# Help!!!



## aykalam (Apr 12, 2010)

I'm trying to book a flight with Air France but the stupid thing tells me "The phone number entered does not contain the correct number of digits required for your country - Please modify your entry." even though I'm sure it's right.
20+ 1 for mobile and then the 8 digits? Any suggestions?


----------



## MaidenScotland (Jun 6, 2009)

Are you phoning Cairo or France?


----------



## aykalam (Apr 12, 2010)

MaidenScotland said:


> Are you phoning Cairo or France?


sorry I didn't explaain in my panic, I'm booking online but they require a contact number here, so I'm filling my mobile number in, keeps telling me "The phone number entered does not contain the correct number of digits required for your country - Please modify your entry." arggghhh


----------



## MaidenScotland (Jun 6, 2009)

It will be 0020,


----------



## aykalam (Apr 12, 2010)

MaidenScotland said:


> It will be 0020,


yes, that's pre-filled anyway, but when I add my own mobile #, it rejects


----------



## MaidenScotland (Jun 6, 2009)

aykalam said:


> yes, that's pre-filled anyway, but when I add my own mobile #, it rejects




I dont think you drop the 0 here as you do in the UK


----------



## aykalam (Apr 12, 2010)

MaidenScotland said:


> I dont think you drop the 0 here as you do in the UK


Oh why can anything be straight forward? I have tried absolutely every combination! Anyway, panic over, I have entered my mum's number in Spain, that was accepted. Finito. 

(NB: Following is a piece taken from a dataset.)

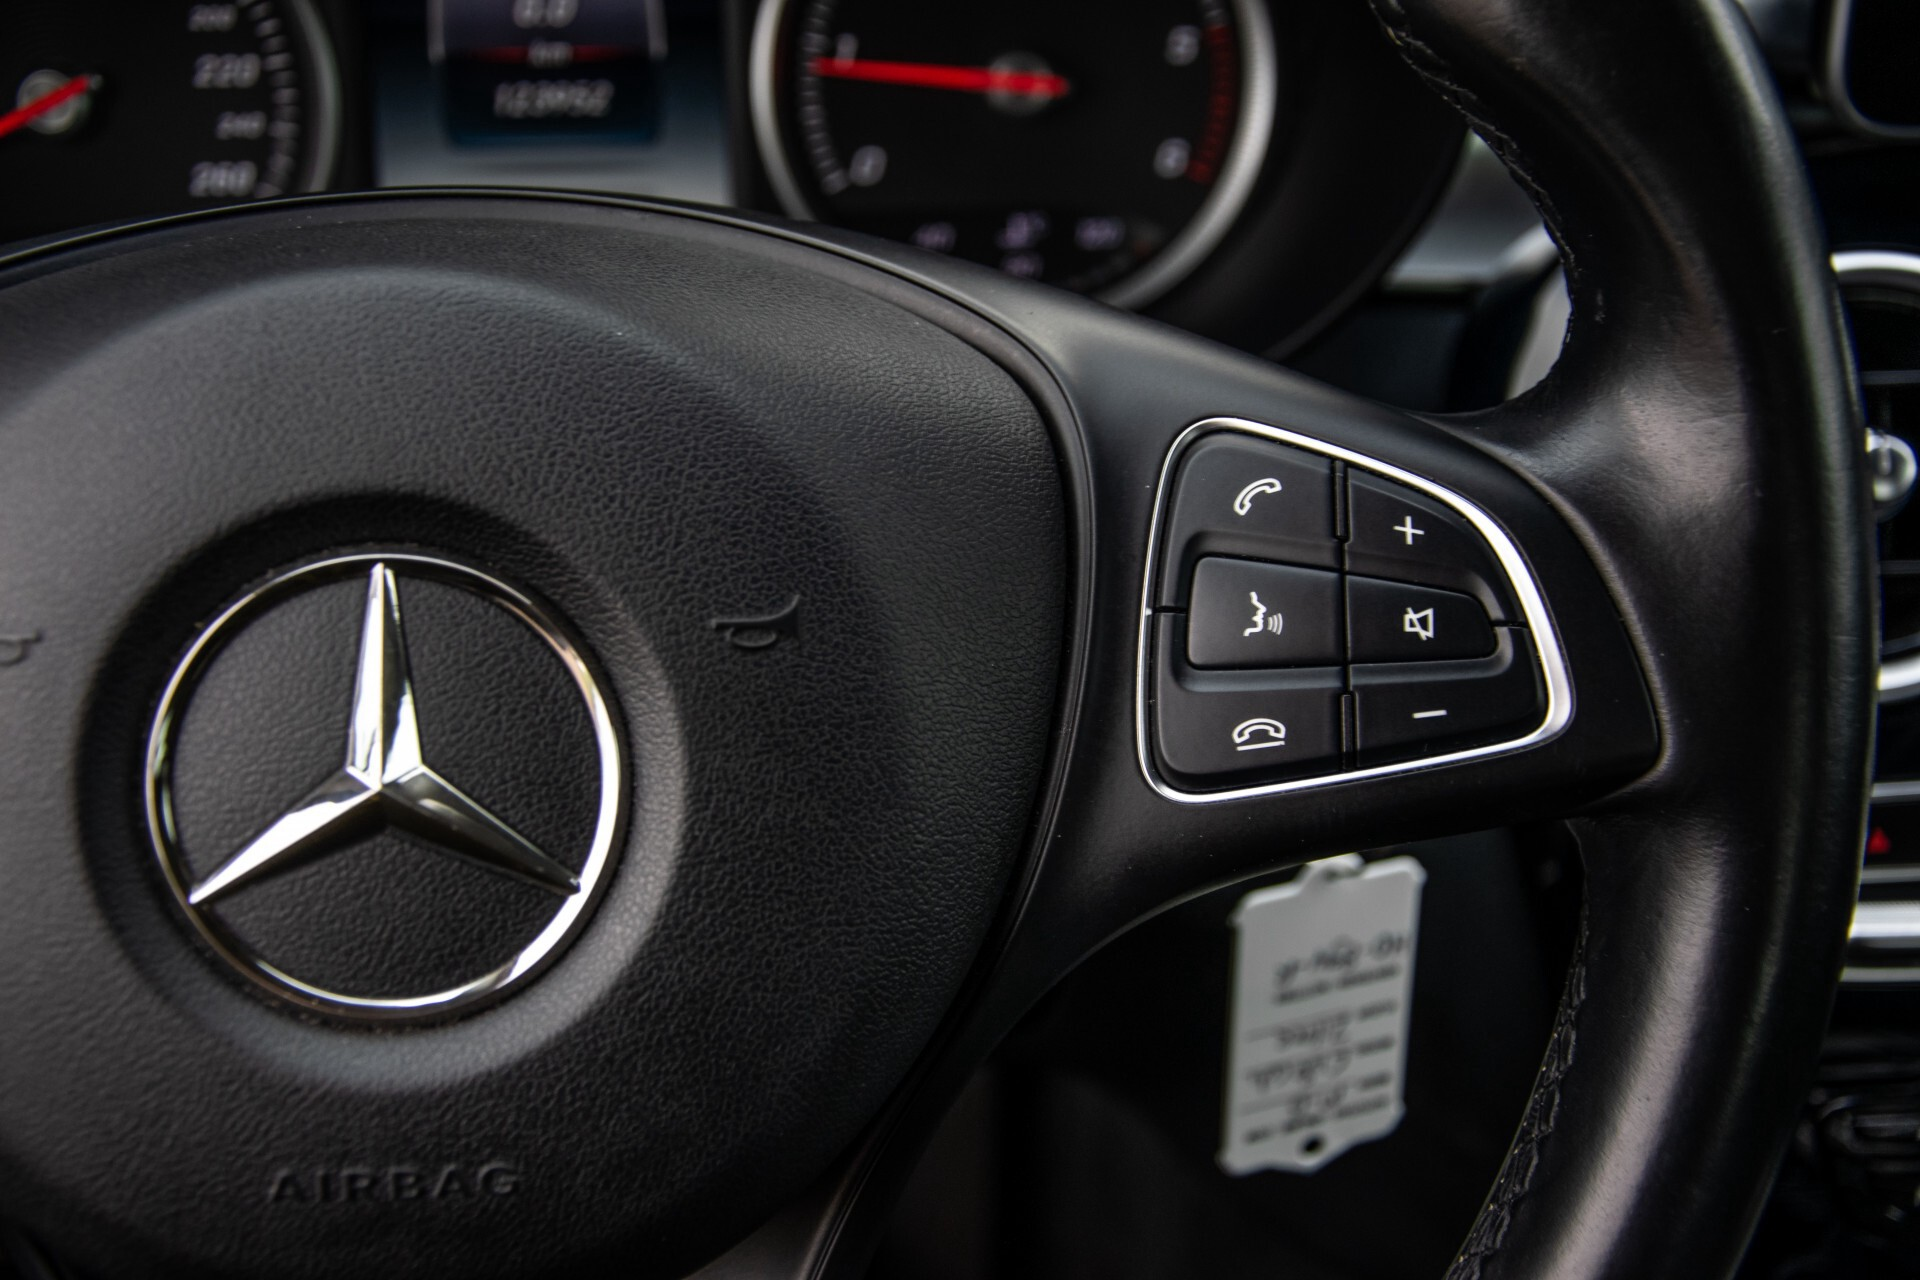 Mercedes-Benz C-Klasse 180 Bluetec Lease Edition Intelligent Light System/Cruise Control/Navi Foto 11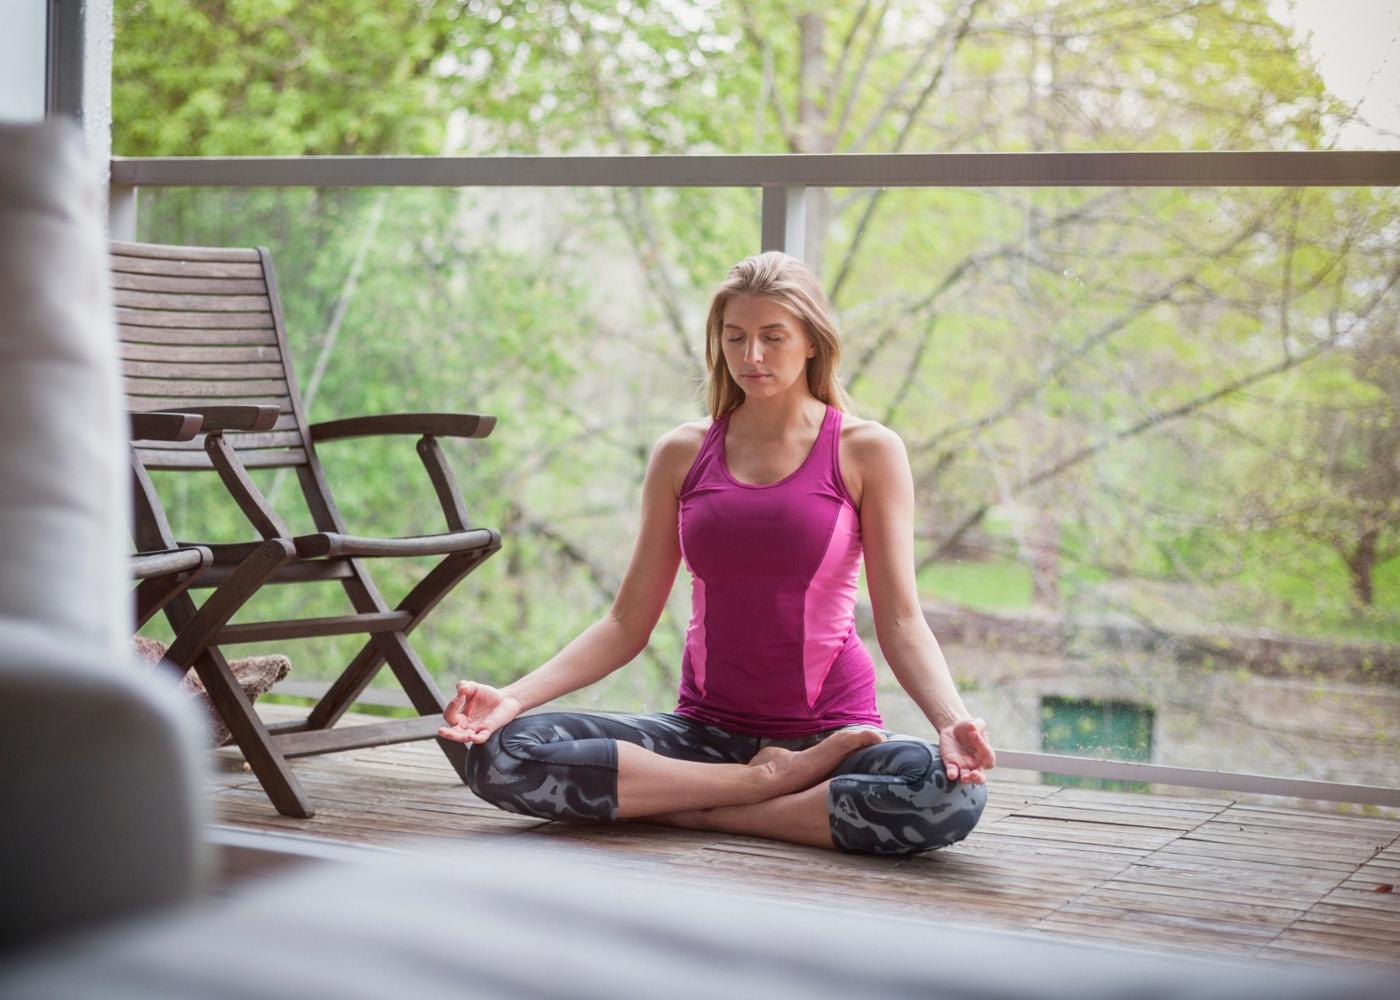 Mulher a meditar na varanda de casa

thanks for your help :clap2:


----------



## aykalam (Apr 12, 2010)

why did I think it would be over and done with? Of course not, now the blooming card details won't be accepted


----------



## MaidenScotland (Jun 6, 2009)

aykalam said:


> why did I think it would be over and done with? Of course not, now the blooming card details won't be accepted




I can never book a flight from Cairo on line for that very reason, so I usually request it and have it held for 24 hours then just pop down to the local office and then pay with my card. I can book flights from the UK on line no problem plus Amazon.co.uk is on melt down with me buying and sending to Spain.


----------



## aykalam (Apr 12, 2010)

MaidenScotland said:


> I can never book a flight from Cairo on line for that very reason, so I usually request it and have it held for 24 hours then just pop down to the local office and then pay with my card. I can book flights from the UK on line no problem plus Amazon.co.uk is on melt down with me buying and sending to Spain.


Yes, that is what I have done in the past and today I tried to be clever but of course nothing ever works the way it should...The other thing is they now charge LE50 per ticket if you pay over the counter.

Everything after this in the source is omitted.